Song by Zulema

from the album Z-Licious
- B-side: "Gotta Find a Way"
- Released: 1978
- Length: 3:23
- Label: Lejoint 5N-34002
- Songwriter: V. McCoy
- Producer: Van McCoy

= I'm Not Dreaming =

"I'm Not Dreaming" is a song performed by the American singer Zulema in 1978.

==Background==
The song, "I'm Not Dreaming", was written and produced by Van McCoy. Backed with her own composition, "Gotta Find a Way" was released on LeJoint 5N-34002 in 1978. The album of the same name was reviewed by Cash Box in the November 4, 1978 issue. The two tracks selected by the magazine were ballads, "Praying for a Miracle" and "I'm Not Dreaming".

Appearing in the soul section of Billboards Top Soul Picks for the week of January 20, 1979, the single received a warm review. The unnamed friend singing in duet with Zulema was actually Van McCoy. In assessment of the release in a duet format, the reviewer put it on par with other "silky, romantic" recent hit recordings by Johnny Mathis & Deniece Williams, and Roberta Flack & Donny Hathaway.

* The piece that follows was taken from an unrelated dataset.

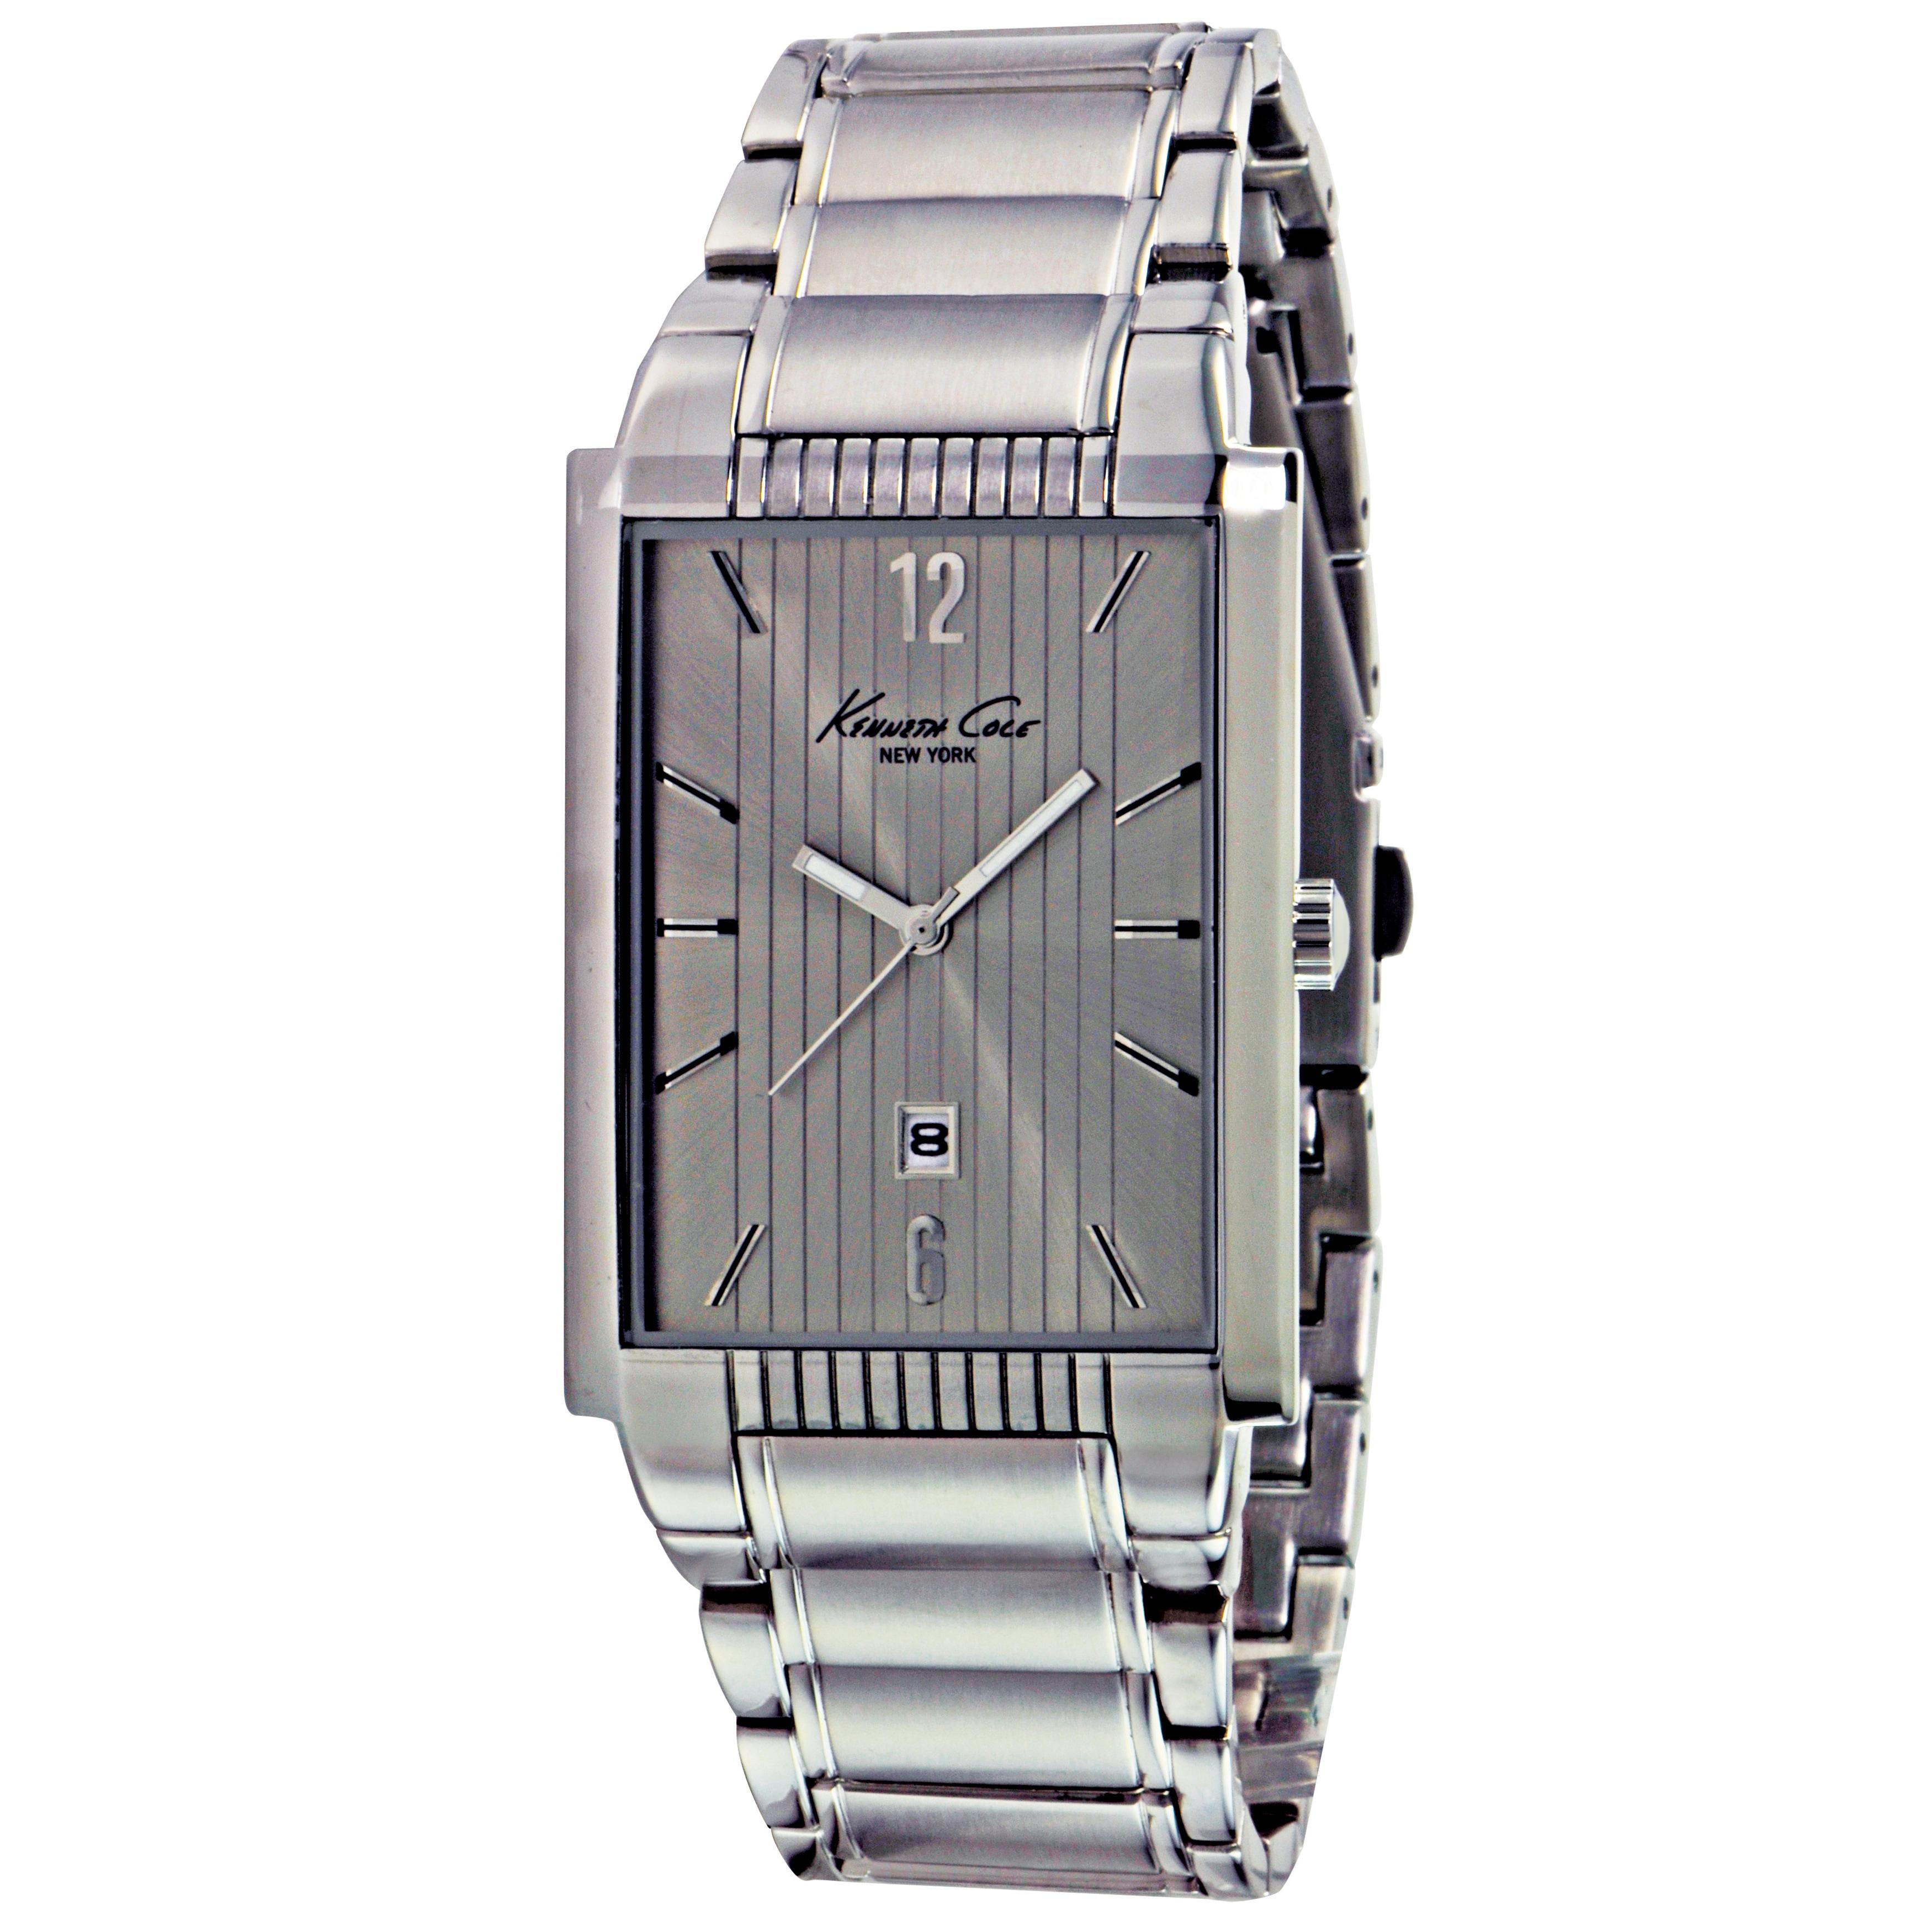 Kenneth Cole New York Men's Rectangular Pinstripe Watch

It had been reviewed earlier that month as well by Cash Box in the magazine's January 6 issue. Along with "I Go to Rio" by Pablo Cruise, "Dancin'" by Grey & Hanks and "Living in a Dream" by Sea Level, it was one of the four Feature Picks for that week. The reviewer noted that both singers known in the disco genre had a release that was pure MOR pop. The potential to appeal to a wide range of formats was also noted.

The song appears on her album, Z-Licious (Lejoint – LEJ 17000) which was made up of three Van McCoy compositions and eight of her own.

==Charts==
The song debuted at No. 95 on the Billboard Hot Soul Singles chart for the week ending February 3, 1979. It peaked at #76 at week seven on March 17, and held the position for another week, spending a total of nine weeks in the chart.

For the week of February 10, the song debuted at No. 97 on the Cash Box Top 100 R&B chart and peaked at No. 86. It spent a total of eight weeks in the Top 100 R&B chart.